Continuous DeliveryApr 8, 2026

Feature Flags for Database Migrations: Ship Schema Changes Without Downtime

J
Jordan Mitchell
Senior Engineer

Database migrations are the part of a deployment that keeps engineers up at night. Code can be rolled back in seconds — schema changes often can't.

The usual approach — migrate the schema and deploy the new code simultaneously — is a single point of failure. If anything goes wrong, you're choosing between data integrity and availability. Neither option feels good at 2am.

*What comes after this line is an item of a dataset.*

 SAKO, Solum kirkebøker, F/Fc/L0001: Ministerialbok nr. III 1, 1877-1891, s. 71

The Problem with Coupled Migrations

When you deploy new code and a schema change at the same time, your deployment window is the danger zone. Old application instances running against the new schema, or new code hitting old columns — both situations cause failures that are hard to diagnose and painful to undo.

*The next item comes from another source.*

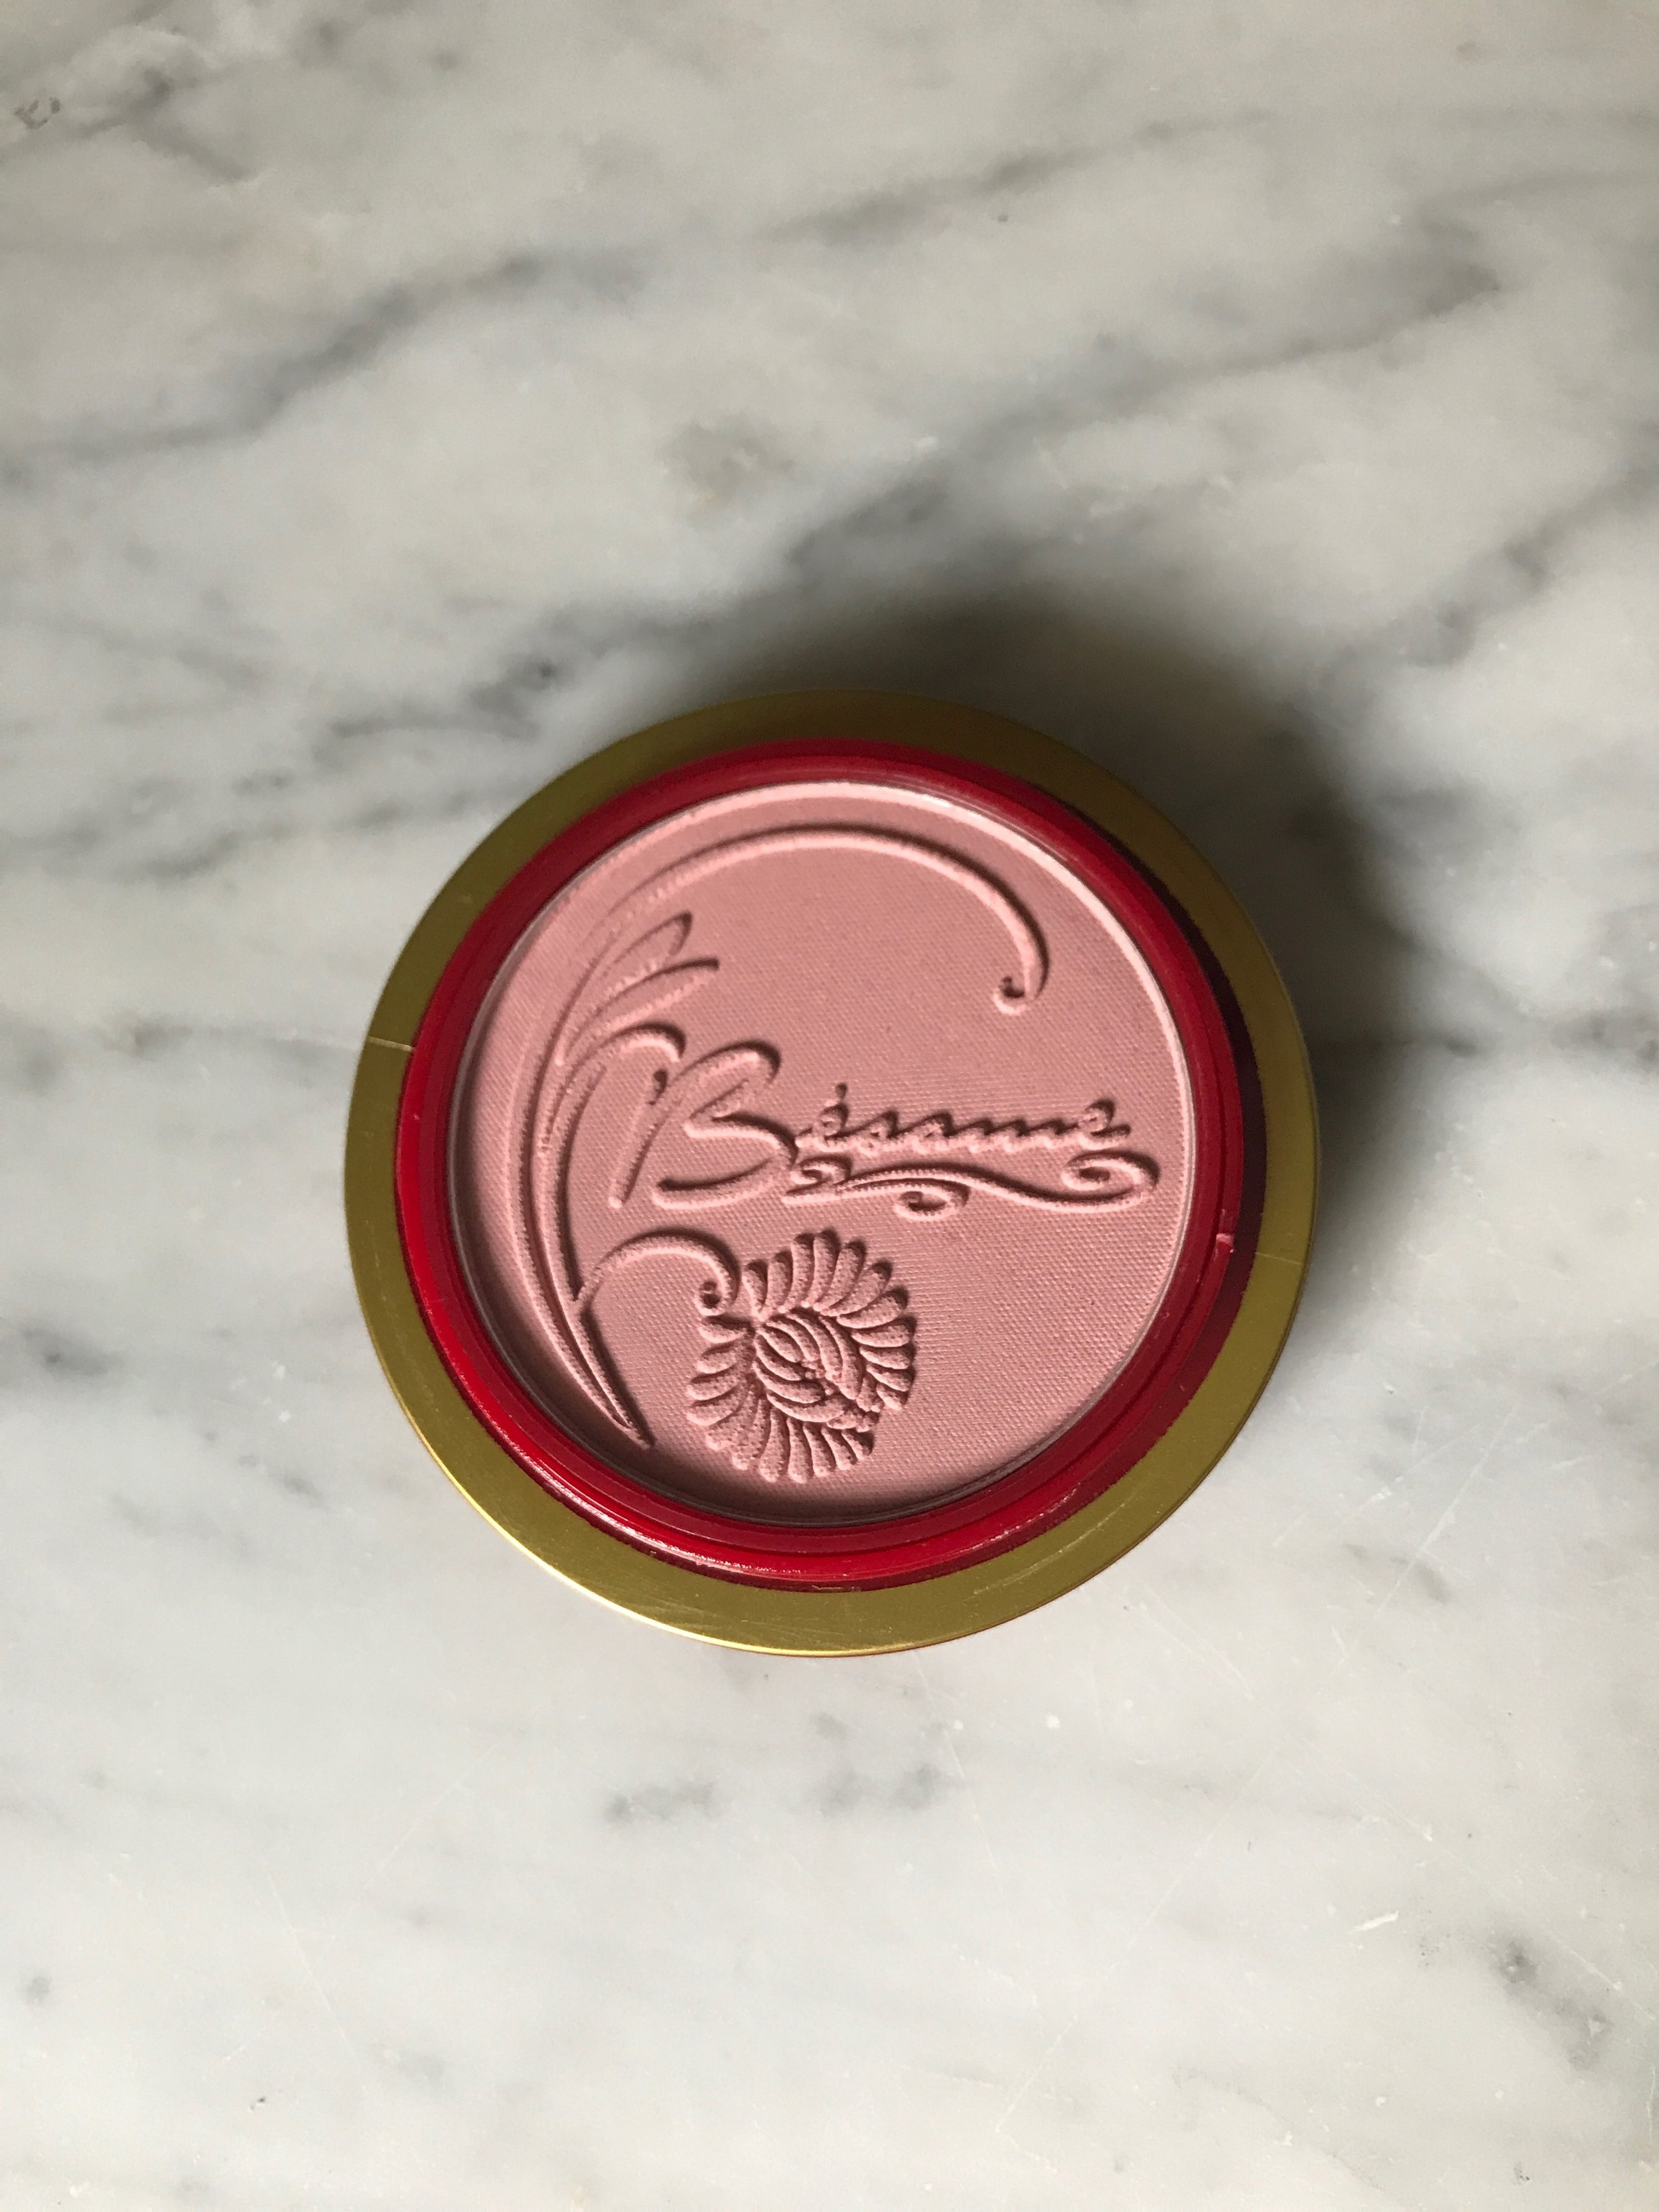 Besame Delicate Rogue in 'Sweet Pink'!

This gets worse as teams scale. Multiple services reading the same database. Rolling restarts that leave mixed versions running side-by-side. Blue-green deployments where the cutover touches schema that both environments share. The coupling between code and schema is a liability.

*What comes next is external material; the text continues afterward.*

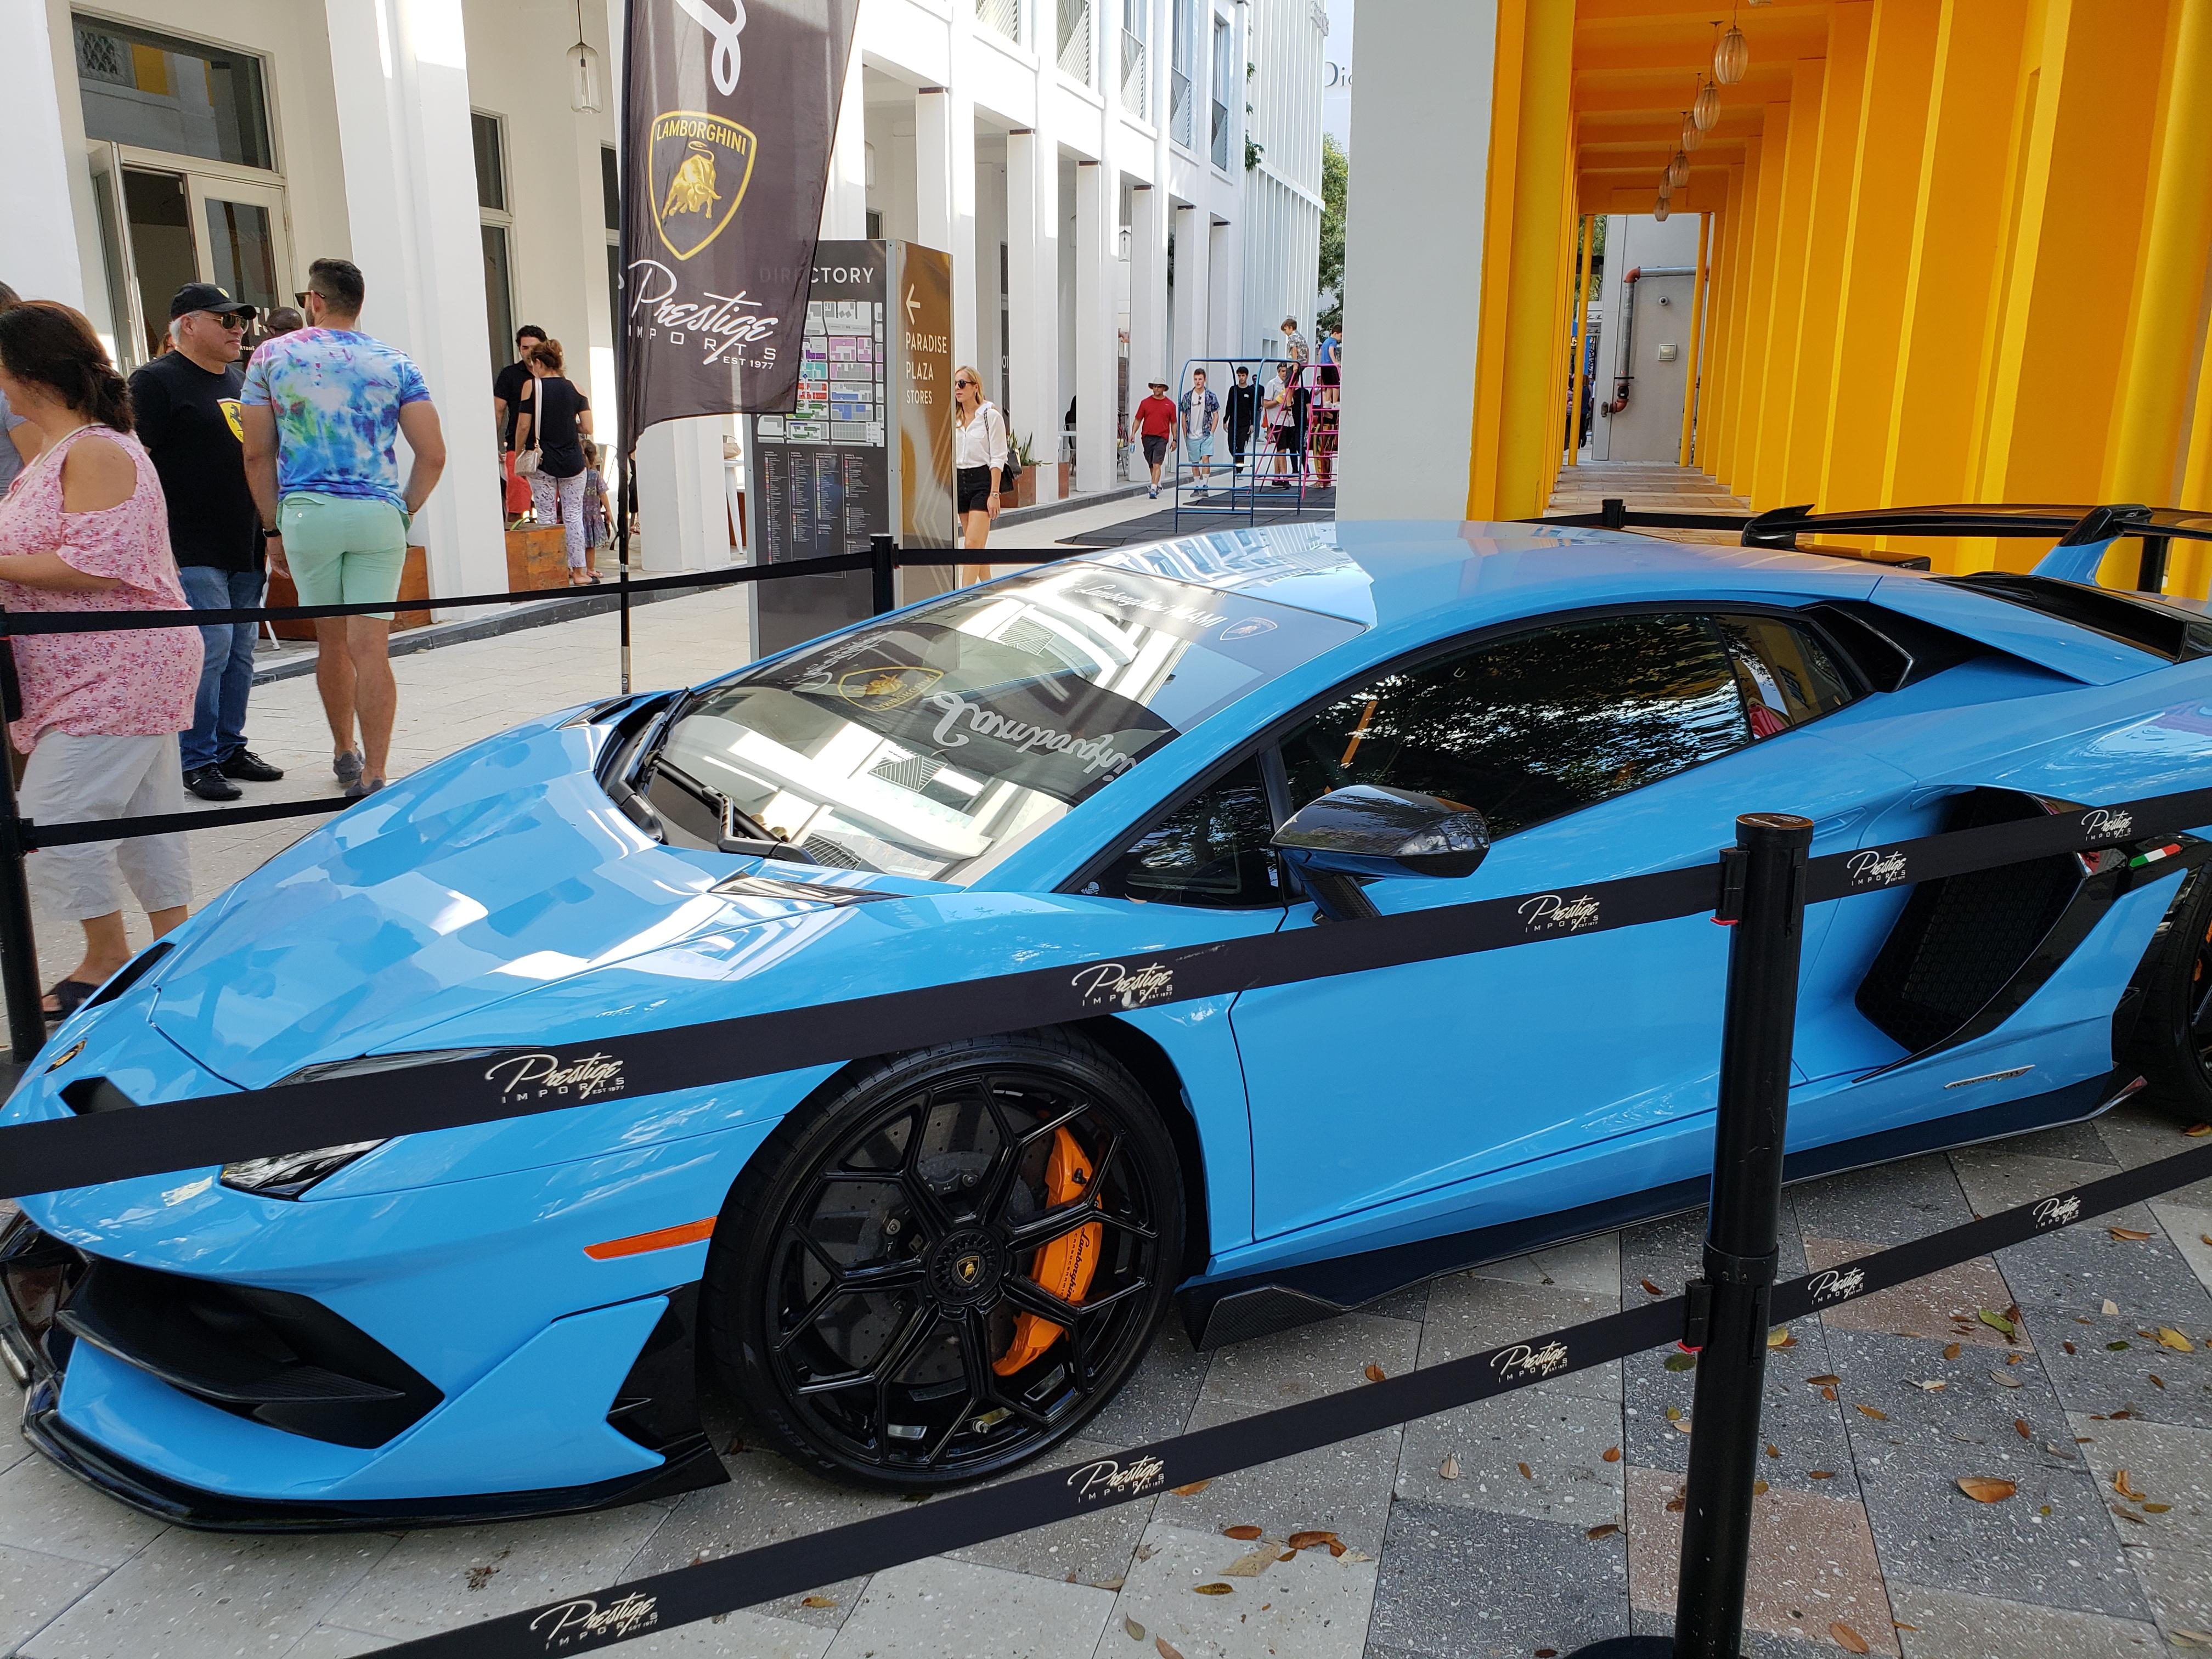 Miami Car Show >> 2019 Miami Design District Car Show Exhibit Miamitext

The Expand-Contract Pattern

The expand-contract pattern solves this by making schema changes strictly additive before removing anything. Combined with feature flags, it gives you a safe, incremental path through any migration:

  1. Expand: add the new column, table, or index — no existing code breaks because nothing reads or writes it yet.
  2. Flag-gate the new path: deploy code that writes to both old and new schema, but reads only from the old. The flag is off.
  3. Backfill: migrate existing data into the new structure.
  4. Ramp the flag: enable reads from the new schema for 1%, then 10%, then 100%.
  5. Contract: once the flag is fully rolled out and stable, clean up the old column in a follow-up migration.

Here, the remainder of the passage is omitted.